Requirement:
Extract each line of the material that follows exactly and omit its pictures.

Dataset section:

════════

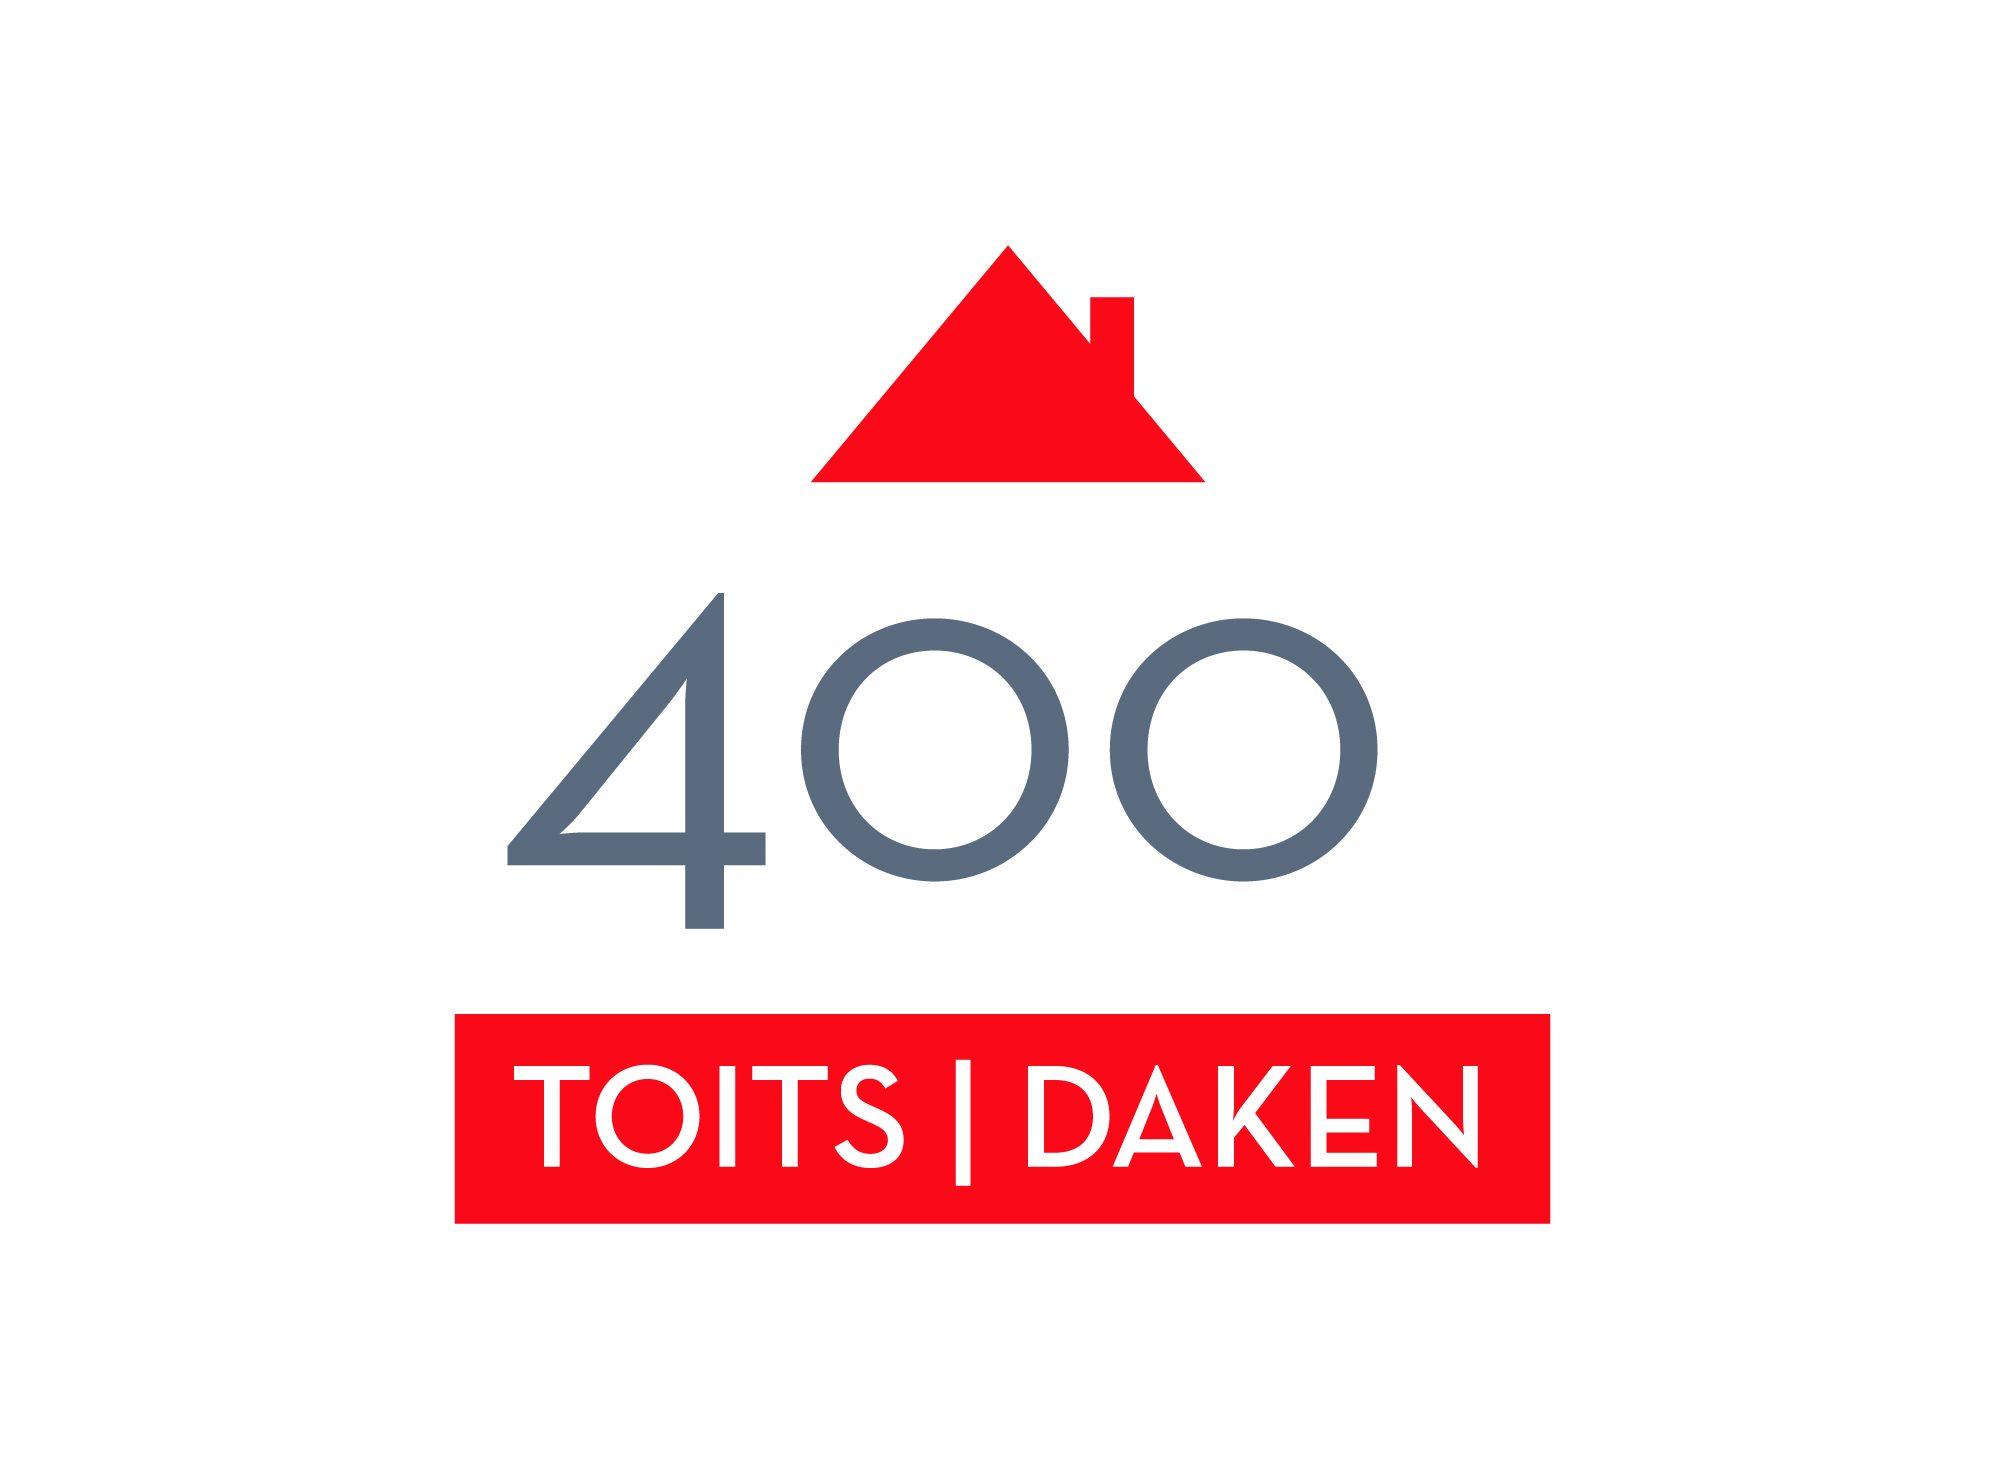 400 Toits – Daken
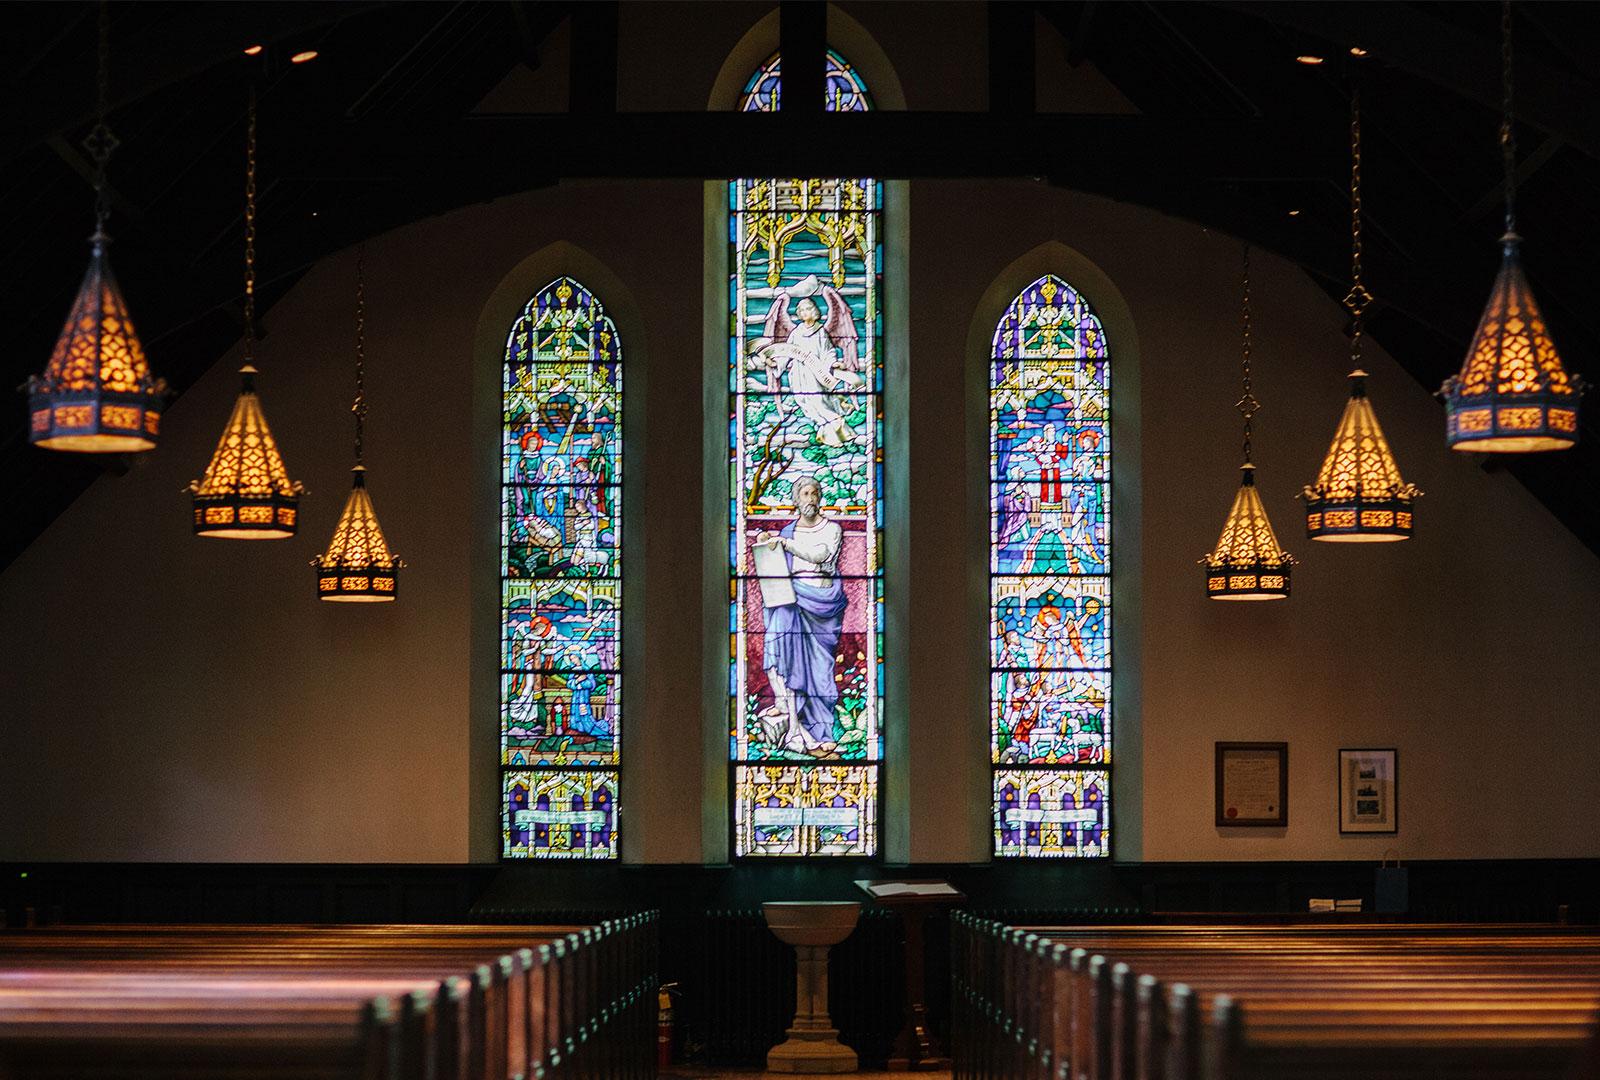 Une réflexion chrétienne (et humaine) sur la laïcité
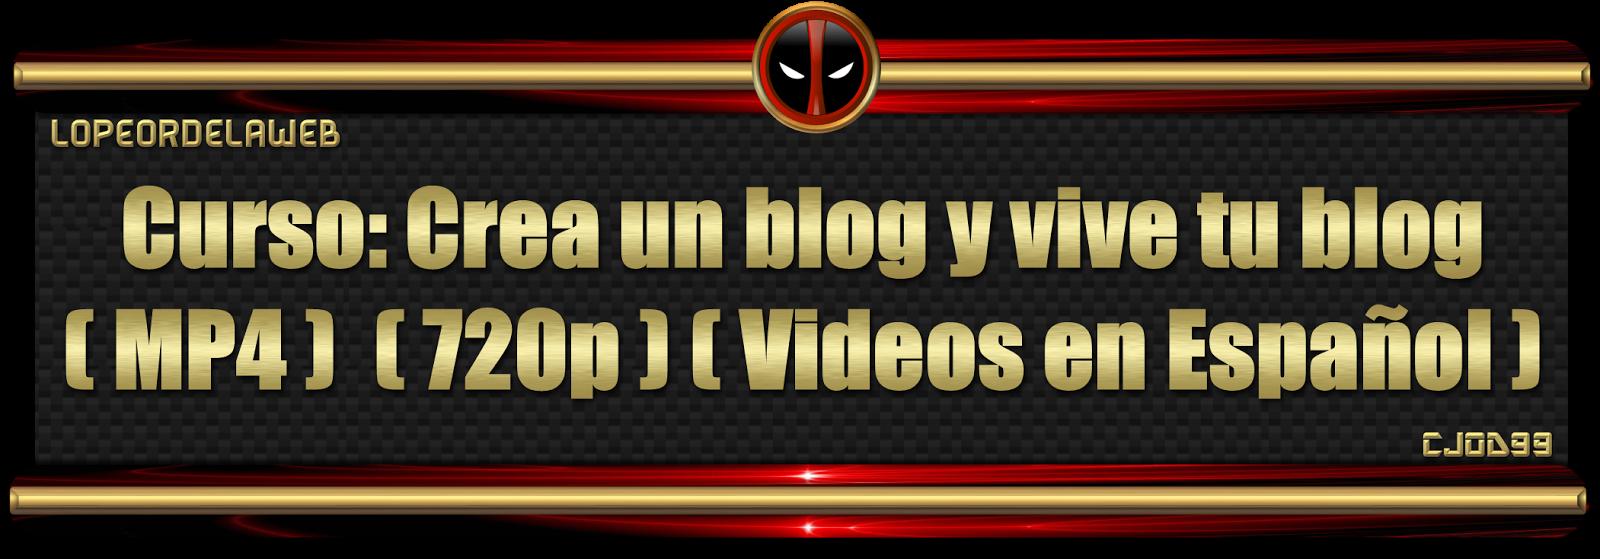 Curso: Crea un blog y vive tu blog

════════

Reply:
 400 Toits – Daken
 Une réflexion chrétienne (et humaine) sur la laïcité
 Curso: Crea un blog y vive tu blog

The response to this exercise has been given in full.